Hi!
I have a problem with a program, when I try to pass to the GPU a vector bigger than 1 000 000 the program doesn’t work.
The vector is double type so its size is 8Mb and my GPU has 1Gb of global memory so I don’t understand what is the problem.
I have tried to split this vector in two parts but the result is the same, I can’t pass to the GPU more than 1 000 000 (each part has 500 000 components).
If the vector is float type I can pass 2 000 000 components.
In all these trials the memory size of the vector was 8Mb, so I understand that the problem should be with the total memory size is pass to the GPU or with the time needed to transfer 8Mb.

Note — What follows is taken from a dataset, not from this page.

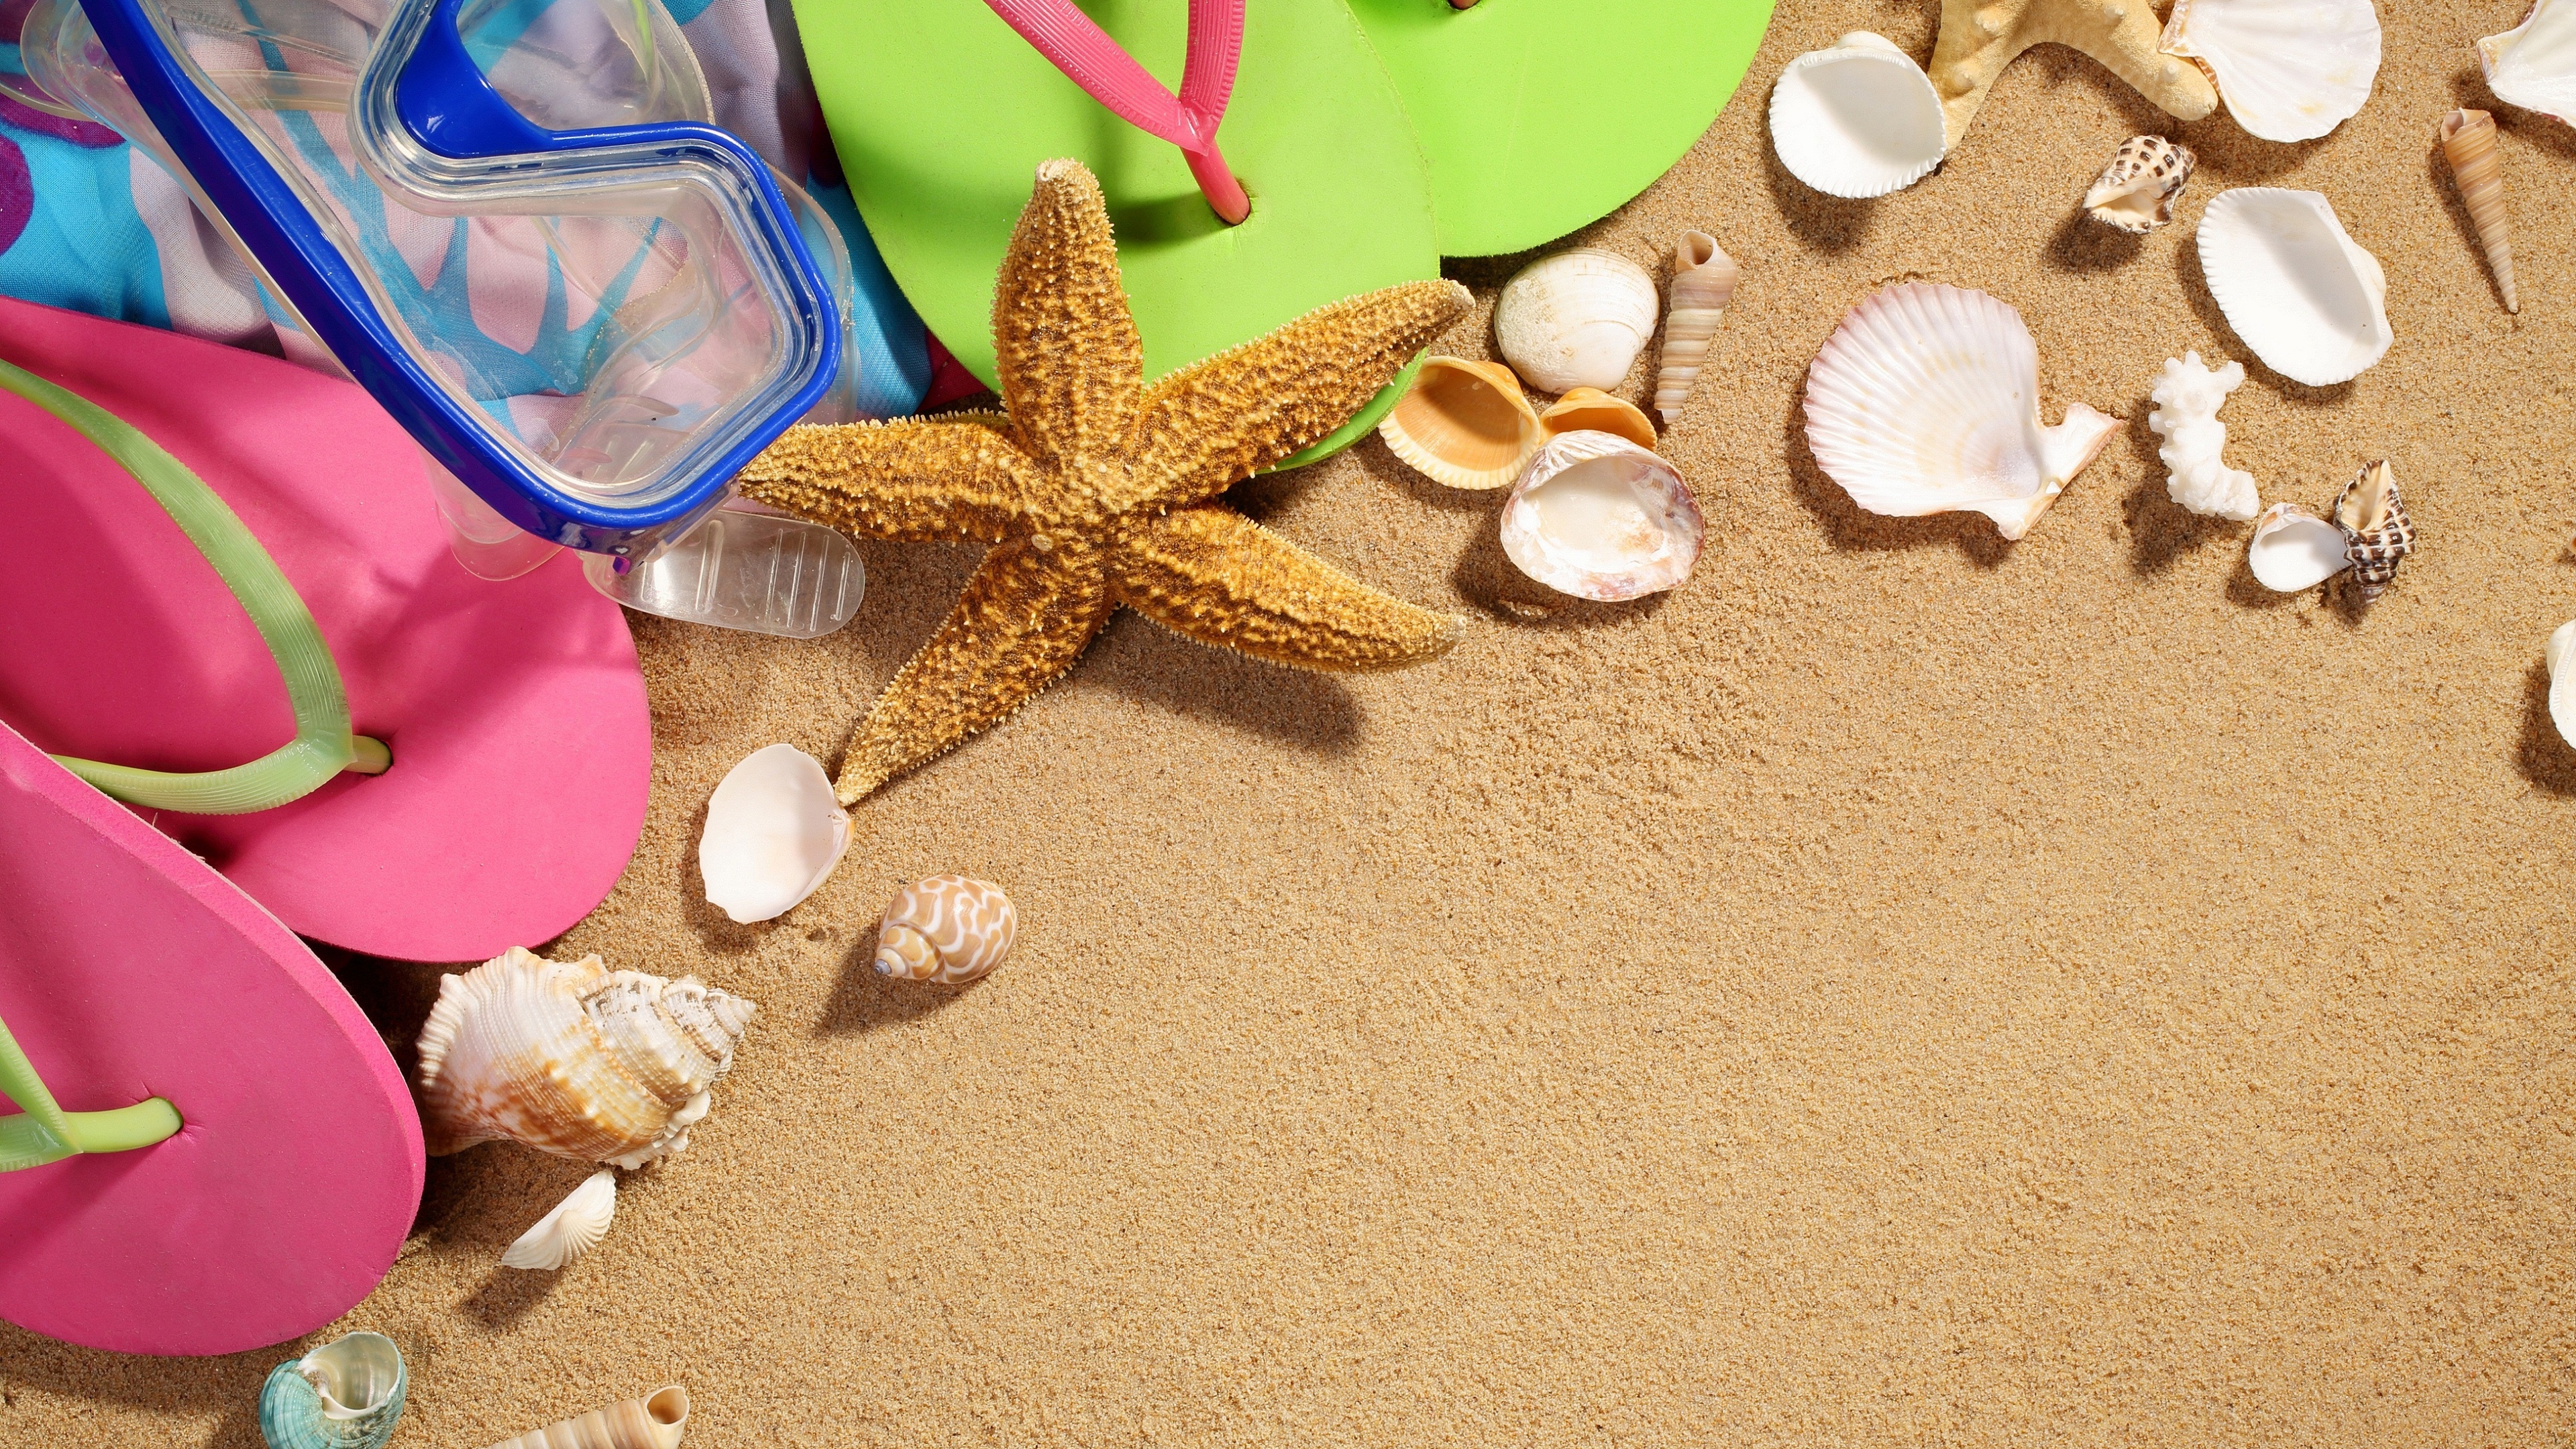 Wallpaper Beach, Starfish, Shell, Sand, Flip Flop - Papel De Parede De Estrela Do Mar E Areia - HD Wallpaper

In relation with this question I have another question: “Can I change the Timeout Detection & Recovery (TDR) in Mac?”
(I have done it for Windows but I didn’t get information to do it in Mac)
I have performed a naive code with the problem:
(In the code vector C gives problems when N > 1 000 000
The kernel is a naive kernel where C doesn’t do anything it is only to check that the problem is in cudaMemcpy)
#include <stdio.h>
const int N = 1000000;
const int K = 100;
const int BLOCK_SIZE = 1024;
const int NUM_BLOCKS = 1;
global void kernel(double *C, double *out)
{
int l = threadIdx.x;
if(l < K)
{
out[l] = 2.;
}
}
int main()
{
double hostOut[K], hostC[N];
double *deviceC, *deviceOut;
int i;
//Vector C values
for (i = 0; i < N; i++)
{
hostC[i] = 1.;
}
cudaMalloc(&deviceOut, sizeof(double)*K);
cudaMalloc(&deviceC, sizeof(double)*N);
cudaMemcpy(deviceC, hostC, sizeof(double)*N, cudaMemcpyHostToDevice);
kernel <<<NUM_BLOCKS, BLOCK_SIZE >>>(deviceC, deviceOut);
cudaMemcpy(hostOut, deviceOut, sizeof(double)*K, cudaMemcpyDeviceToHost);
cudaFree(deviceC);
cudaFree(deviceOut);
//Print to check the program goes well
for(int j = 0; j < 5; j++)
{
printf(“f[%i] = %f\n”, j, hostOut[j]);
}
return 0;
}